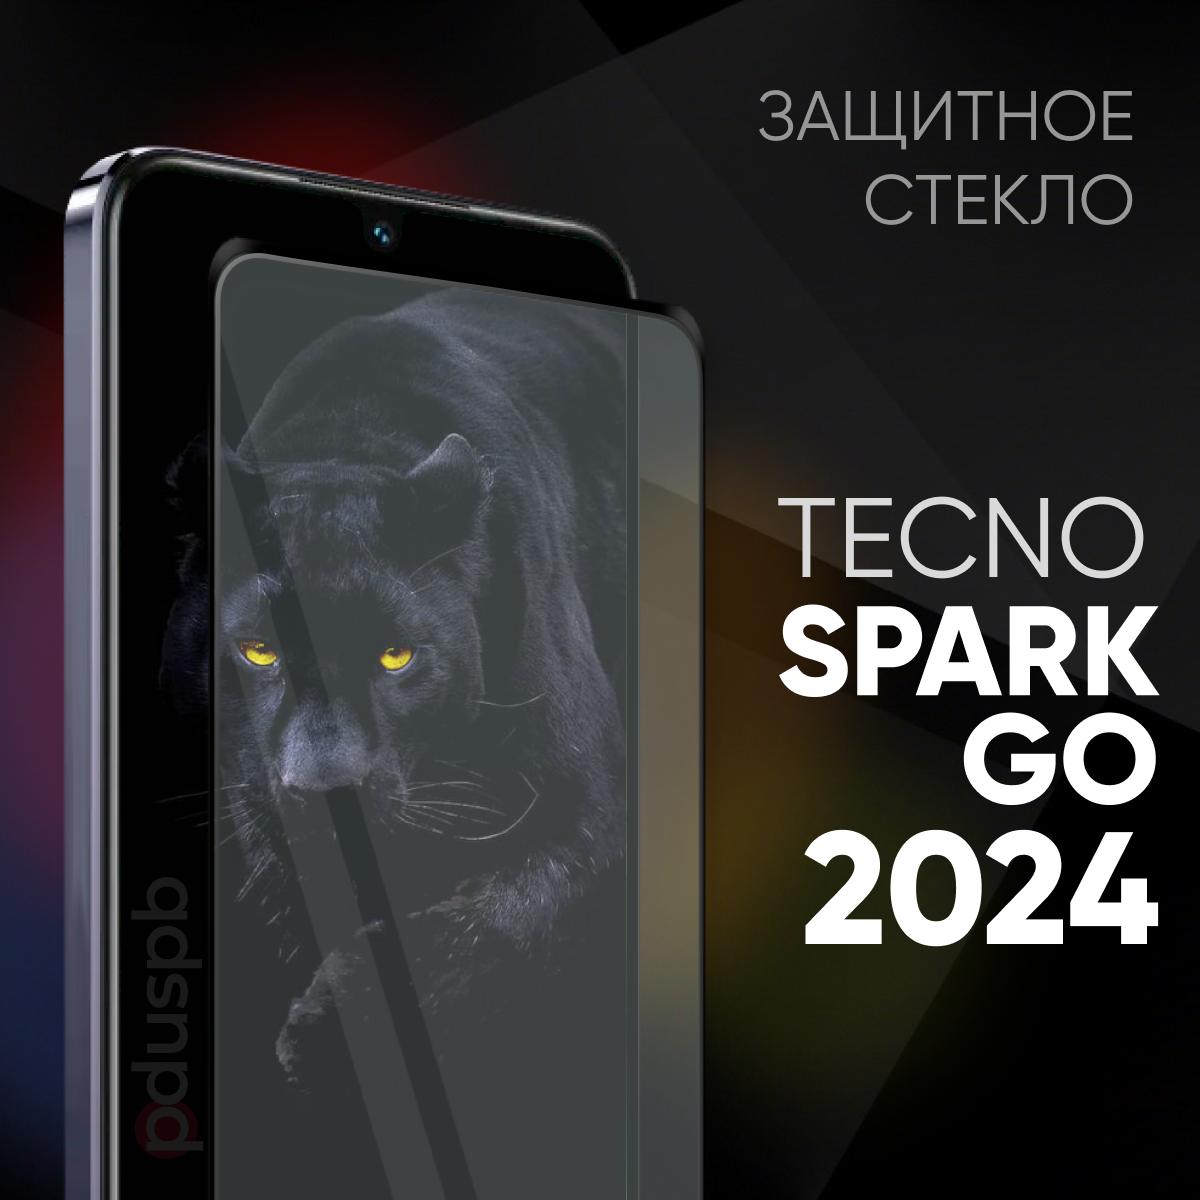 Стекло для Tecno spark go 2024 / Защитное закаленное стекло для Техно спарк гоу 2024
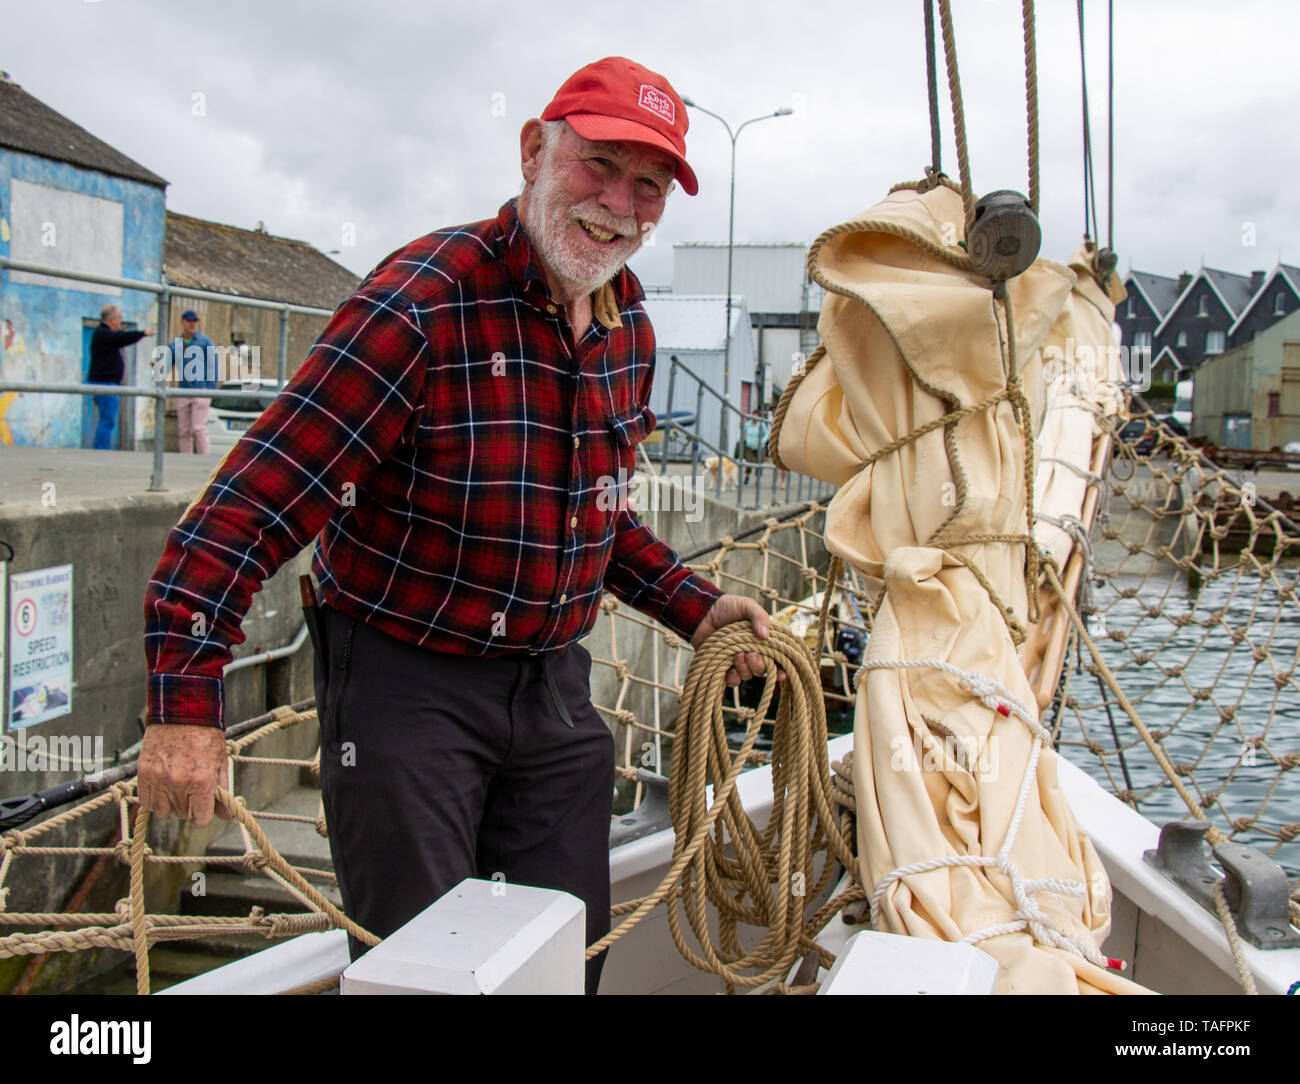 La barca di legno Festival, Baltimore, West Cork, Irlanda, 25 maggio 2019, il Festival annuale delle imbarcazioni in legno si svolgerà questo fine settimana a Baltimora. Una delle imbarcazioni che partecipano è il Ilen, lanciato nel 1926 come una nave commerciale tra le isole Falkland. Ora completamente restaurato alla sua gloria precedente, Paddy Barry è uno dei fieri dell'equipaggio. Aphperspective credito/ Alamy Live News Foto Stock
--
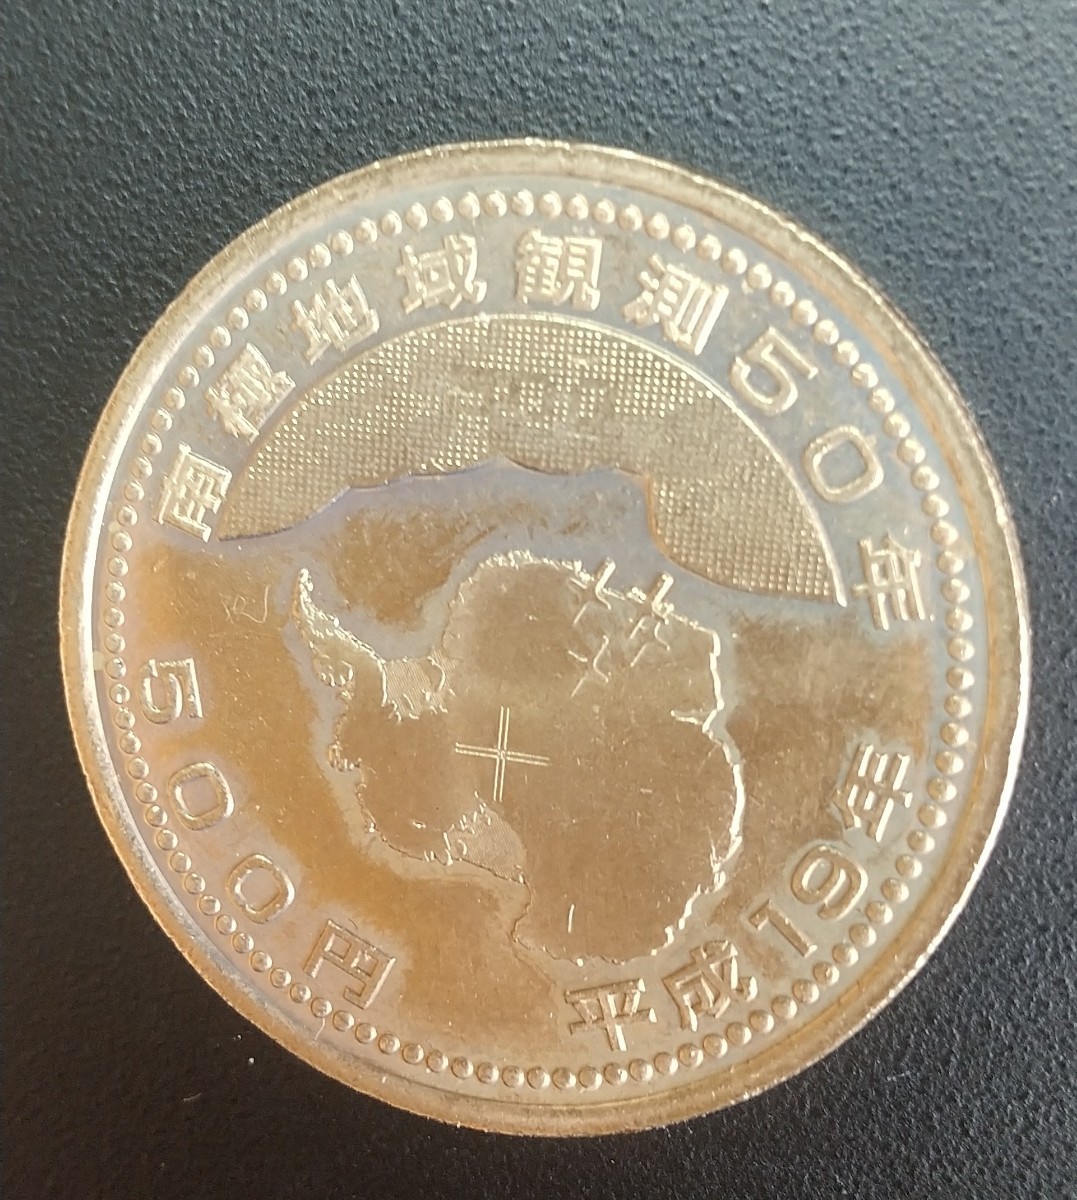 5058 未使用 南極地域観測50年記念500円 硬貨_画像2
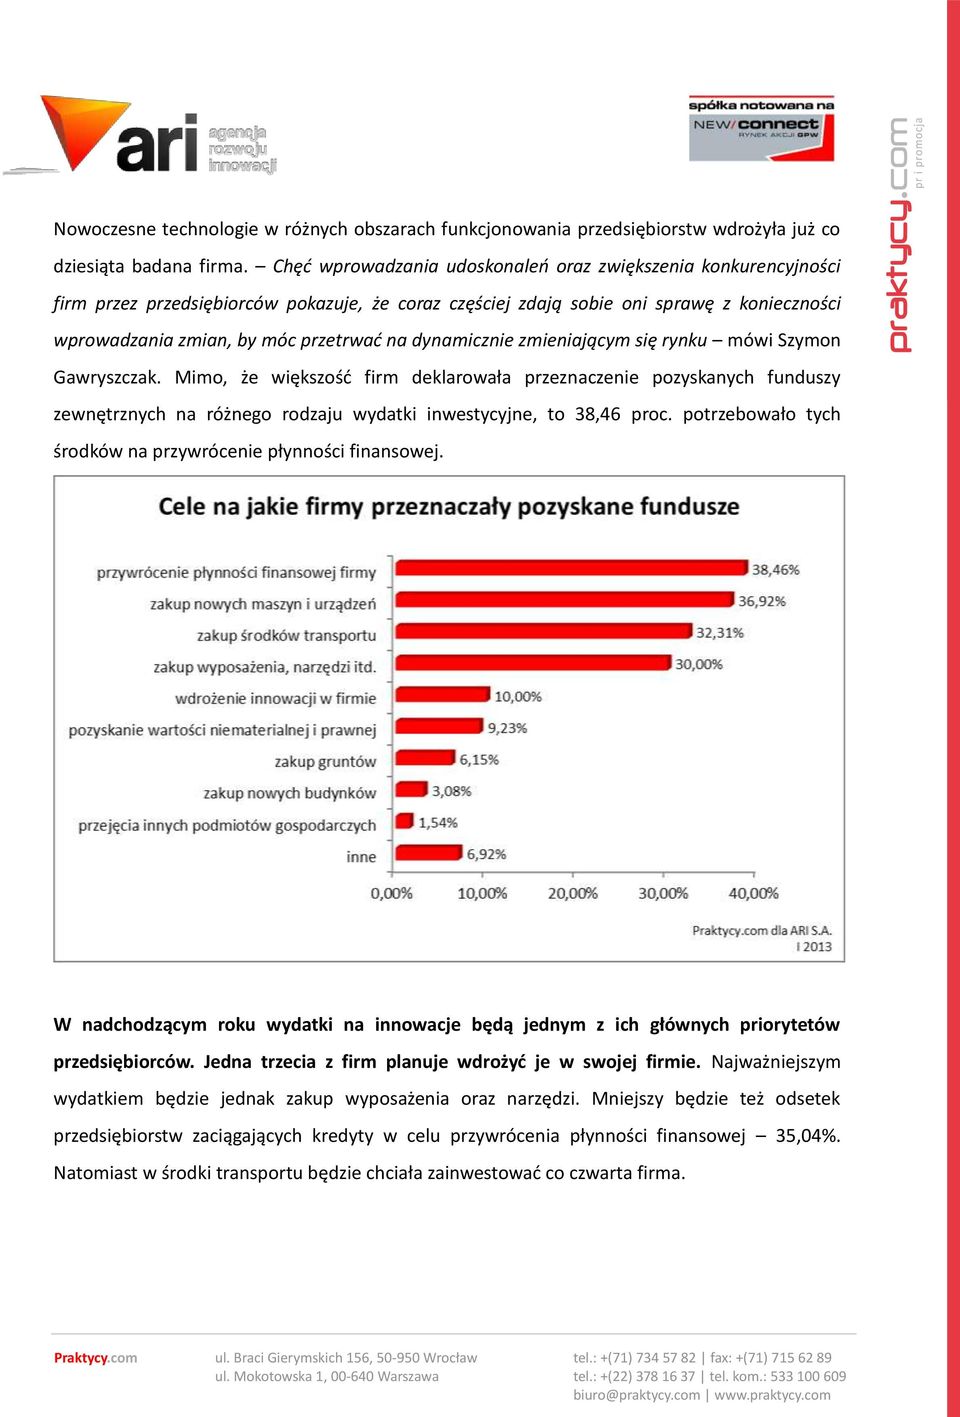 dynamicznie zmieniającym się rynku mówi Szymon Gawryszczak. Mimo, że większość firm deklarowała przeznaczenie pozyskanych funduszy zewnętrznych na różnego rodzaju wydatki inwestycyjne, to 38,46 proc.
---
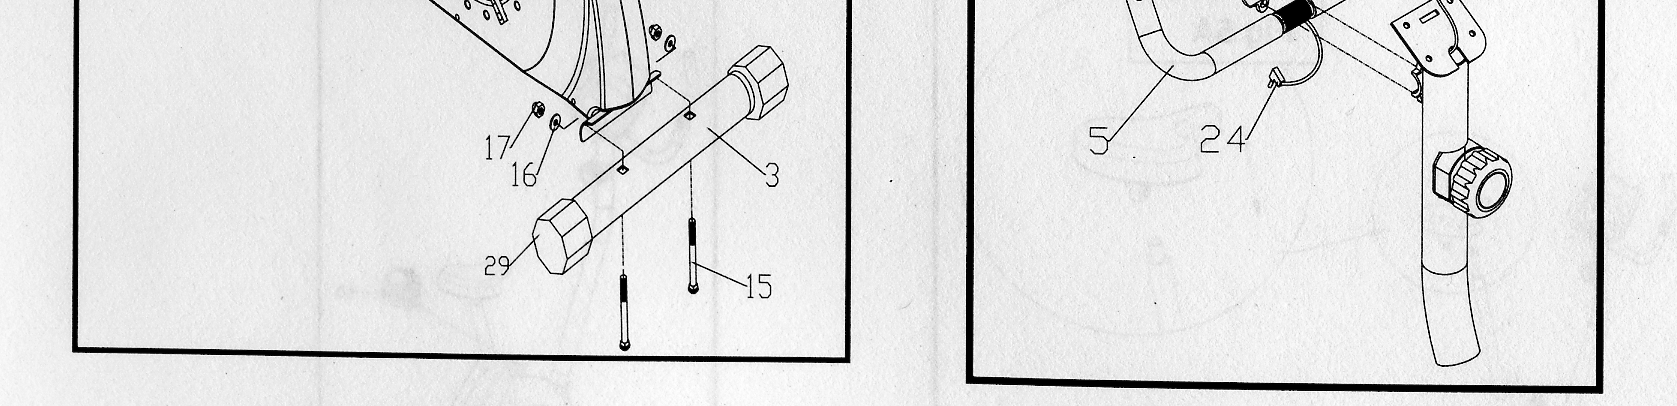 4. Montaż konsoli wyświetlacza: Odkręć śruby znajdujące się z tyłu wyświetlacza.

== Work to complete ==
Only one stretch of the data is wanted: write out exactly the lines from the one holding "5058 未使用 南極地域観測50年記念500円 硬貨_画像2" through the one holding "dynamicznie zmieniającym się", both included, without the pictures.

== Output of the exercise ==
 5058 未使用 南極地域観測50年記念500円 硬貨_画像2
 dynamicznie zmieniającym się rynku mówi Szymon Gawryszczak. Mimo, że większość firm deklarowała przeznaczenie pozyskanych funduszy zewnętrznych na różnego rodzaju wydatki inwestycyjne, to 38,46 proc.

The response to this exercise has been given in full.